Come tutte le precedenti in Emilia Romagna, ma anche in tutta Italia e fuori, anche questa manifestazione di solidarietà con la Siria vera e di repulsa dei suoi aggressori, è stata gratificata da uno strabiliante concorso di persone, dalla difesa da parte dei compagni di Arci e Anpi, oggi bisognosa di coraggio e integrità, del diritto, sempre violato, all’ascolto della voce dell’”altro”, dalla lucidità politica e dall’efficienza organizzativa di Nuove Resistenze. E, soprattutto, è stata premiata dal consenso generale e totale di un pubblico arrivato da tutti i pizzi, anche lontani.

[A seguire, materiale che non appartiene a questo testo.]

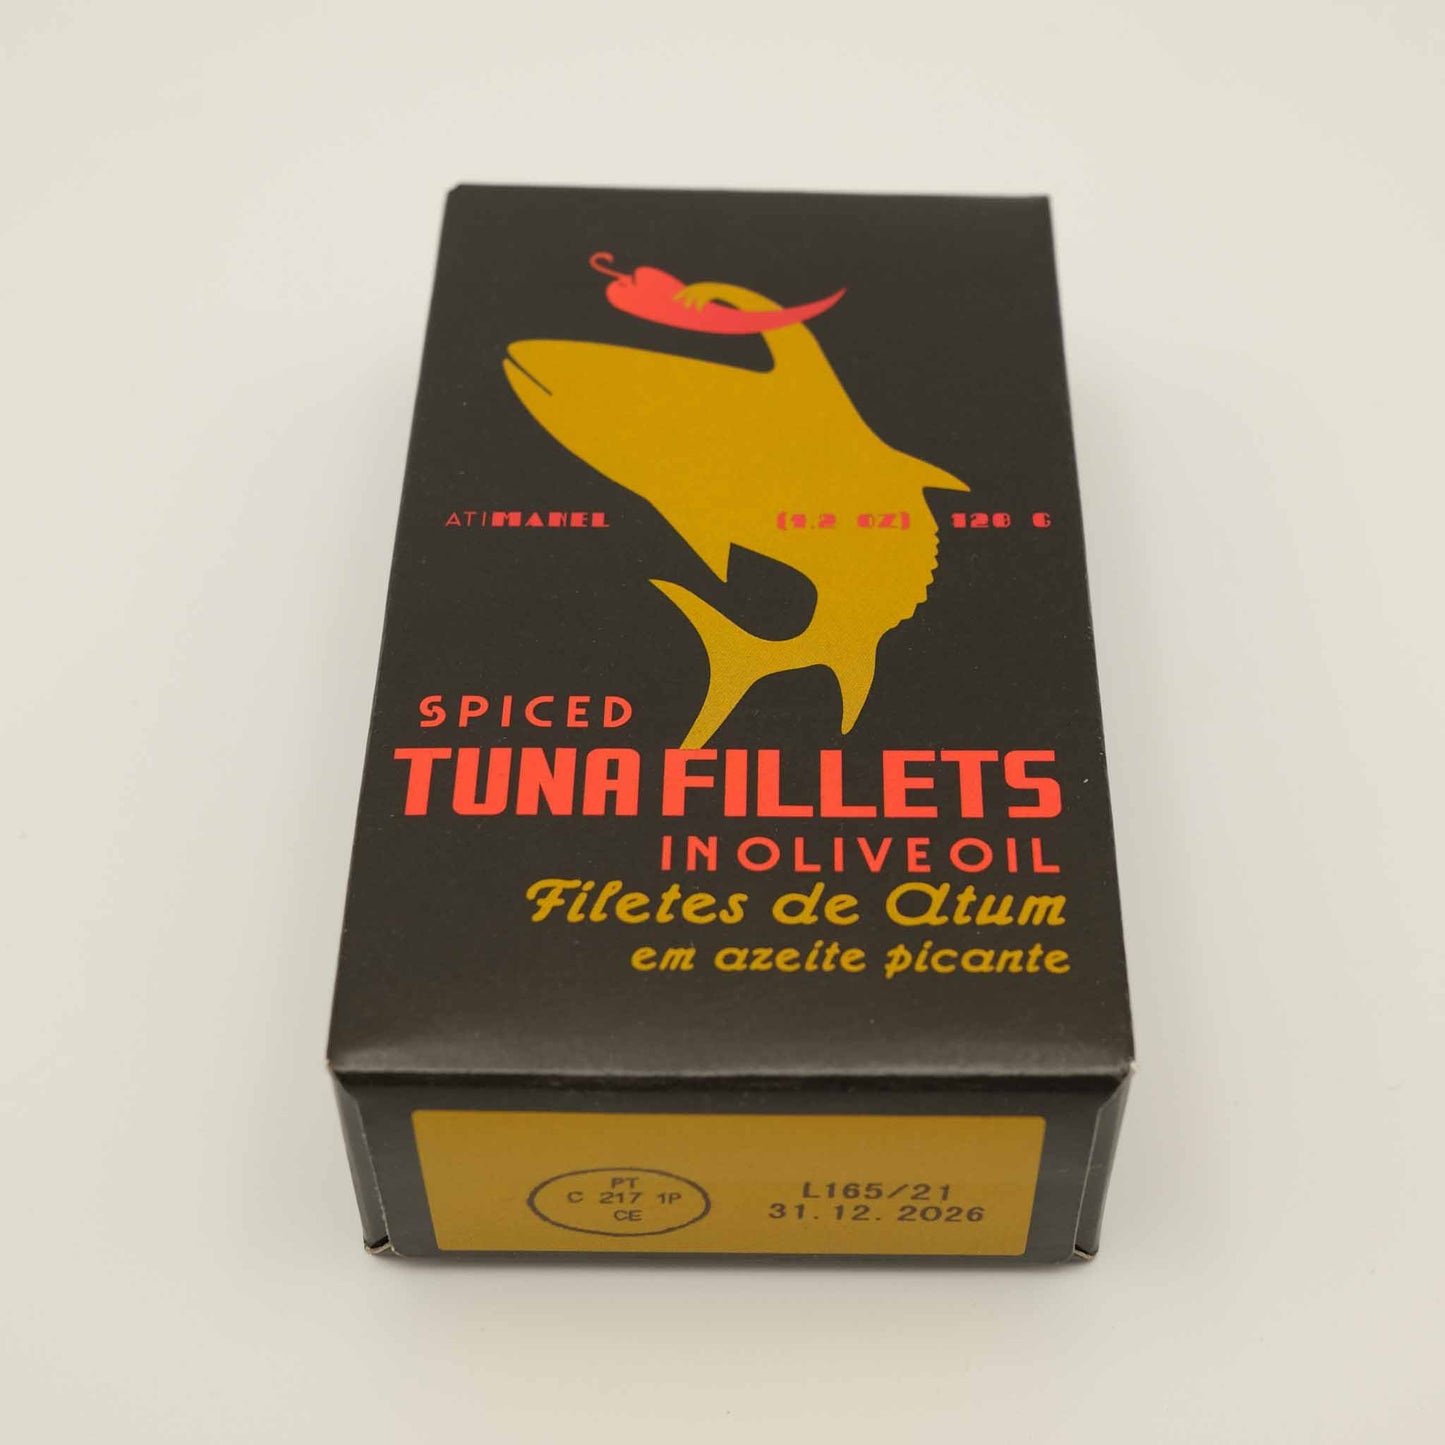 Ati Manel Spiced Tuna Fillets

Un’altra tacca sulla spada che taglia i tentacoli della piovra.

Non diversamente è poi andata a Vignola di Modena: film, racconto, interventi,  in un centro sociale Rivalta strapieno, commosso, solidale, cosciente. Un uno-due emiliano-romagnolo che è tornato a ricacciare i ratti negli spazi angusti e onanistici del loro grufolare in Facebook. La rosa di Damasco, invece, risplende in giardini sempre più vasti.



In marcia, o in sfilata?

Quelli delle parole. Certo Andrea Fioretti, uno che da alcuni decenni, passando di scissione in scissione, oggi sotto la sigla passepartout  di “Comunisti Uniti”, cerca di coagulare intorno alla sua persona qualche sbandato di altre formazioni, disperati bisognosi di una qualsivoglia forma dell’essere seguaci di un capo, disillusi vari, compagni con le migliori intenzioni. Costoro, animati da nuove speranze e fiducie, tra la cinquantina di sigle che si affermano comuniste e rivendicano eredità delle più varie e fantasiose, il Marx giovane, il Marx maturo, Stalin, Mao, Gramsci, Bordiga, Che Guevara, Il Grande Partito Comunista Italiano di Togliatti, Longo e Berlinguer, hanno scelto, spesso casualmente, il gruppuscolo di Fioretti. L’ho annusato per qualche tempo anch’io, ho ascoltato in decine di assemblee centinaia di interventi assolutamente identici negli anni. Un estenuante parlarsi addosso, in qualche modo compensatore del mancato insediamento sociale.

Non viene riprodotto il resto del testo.